Kyra Sedgwick

  • The Edge of Seventeen (2016)

    The Edge of Seventeen (2016)

    (In French, On Cable TV, November 2021) Alas, I must classify The Edge of Seventeen in the “films I should not have missed” category. It happens — there are more new movies released every year than anyone can claim to see, and some will slip through the crack. An affectionate look at a seventeen-year-old high-school senior with many problems, it’s a film that navigates a fine line between dark humour and sympathy for its protagonist. Hailee Stenfeld does have a lot to do with how the many aspects of her character end up working well, with some able supporting work from Woody Harrelson as a sarcastic-but-supportive teacher and Kyra Sedgwick as a mother who’s clearly a lot to handle for a teenager with self-esteem issues. Writer-director Kelly Fremon Craig navigates some tricky material throughout, but keeps the result largely light and entertaining. Various hijinks (including what’s possibly the most embarrassing text message ever imagined) and subplots make the final victory taste even sweeter. It’s a great script directed decently enough, and the result is among the better teenage movies of the 2010s. I’m sorry I missed it the first time around.

  • Singles (1992)

    Singles (1992)

    (In French, On Cable TV, May 2019) It’s remarkable what difference a few years can make at some crucial junctions. If you’re not a kid at a time when a kid’s movie is released, the film will not reach you in quite the same way. The same goes for other movies aimed a very specific age group even later on.
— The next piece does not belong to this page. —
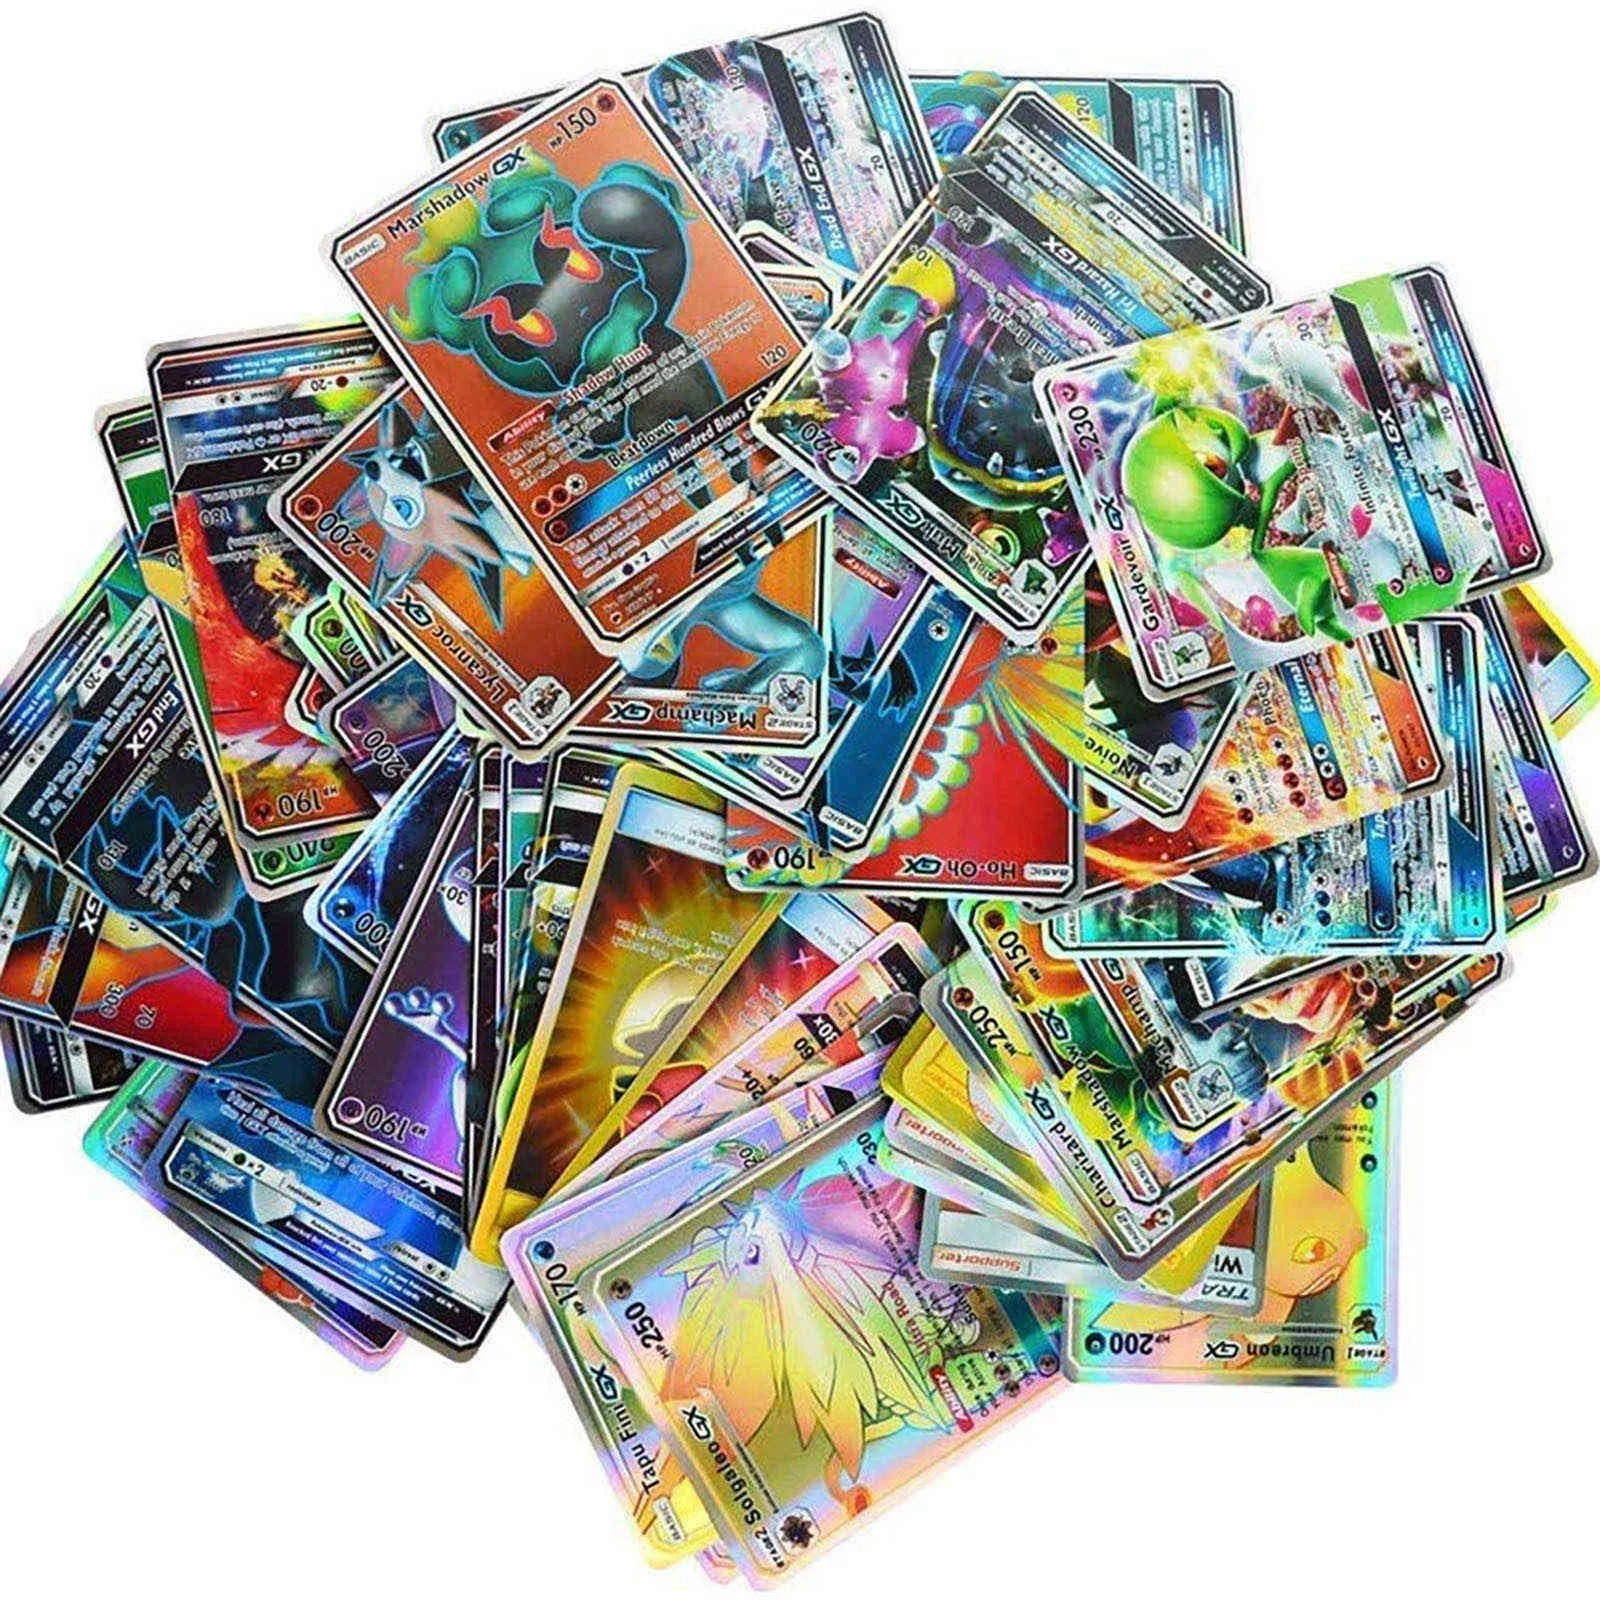 60 قطع كاملة gx نسخة النسخة الفرنسية حزمة حزمة 60 كاملة بطاقات mega، لعبة بطاقة، حفر بطاقة boite de games لعب بطاقة مجموعة الكرتون G1125

As a late and reluctant member of the Gen-X generation (my parents were boomers, so I’m clearly obviously “Echo” rather than the forgotten cohort in between Generation X whose definition keeps changing … but don’t get me started on generational cohorts), I often feel as if I was slightly too young to fully appreciate the classic Gen-X movies as they were released. Singles, for instance, features actors ten years older than me playing characters roughly five years older than me—and that can be a significant difference as a teenager if you’re using university as a significant dividing line. All of this to say that I never saw Singles in theatres, and never had any real desire to see it since then. But now that I’m systematically investigating 1990 movies, Singles stands as a beacon of sorts—widely recognized as a major movie of its generation (I can effortlessly find no less than five “defining movies of Gen-X” lists that mention it, usually in the top ten). It certainly captures a defining time and place—Early-1990s Seattle, with grunge set against an endless backdrop of coffee stores. Our titular “Singles” means both the ensemble cast and a central apartment building not geared toward couples or families. The plot is conventional in the romantic comedy vein, but more interesting than usual in its execution. Writer-director Cameron Crowe was hitting his peak cultural relevance at the time, and his eye for hipness certainly carries throughout the entire film from fashion to musical choices. Obviously, it’s all romanticized, almost fetishized—but at least it’s absorbing enough to keep our interest throughout. It helps that the film features pretty actors—Kyra Sedgwick is Julia-Roberts-level good-looking here, and in between a very cute Bridget Fonda, Campbell Scott, and Matt Dillon the film has enough eye candy to catch anyone’s eyes. There is a place for movies that firmly (even consciously) mark a definite time and place, and I suspect that the specificity of Singles, having crossed over to period-piece status, will keep acting as a time capsule of sorts for a specific generation … even if it happens to be not quite mine.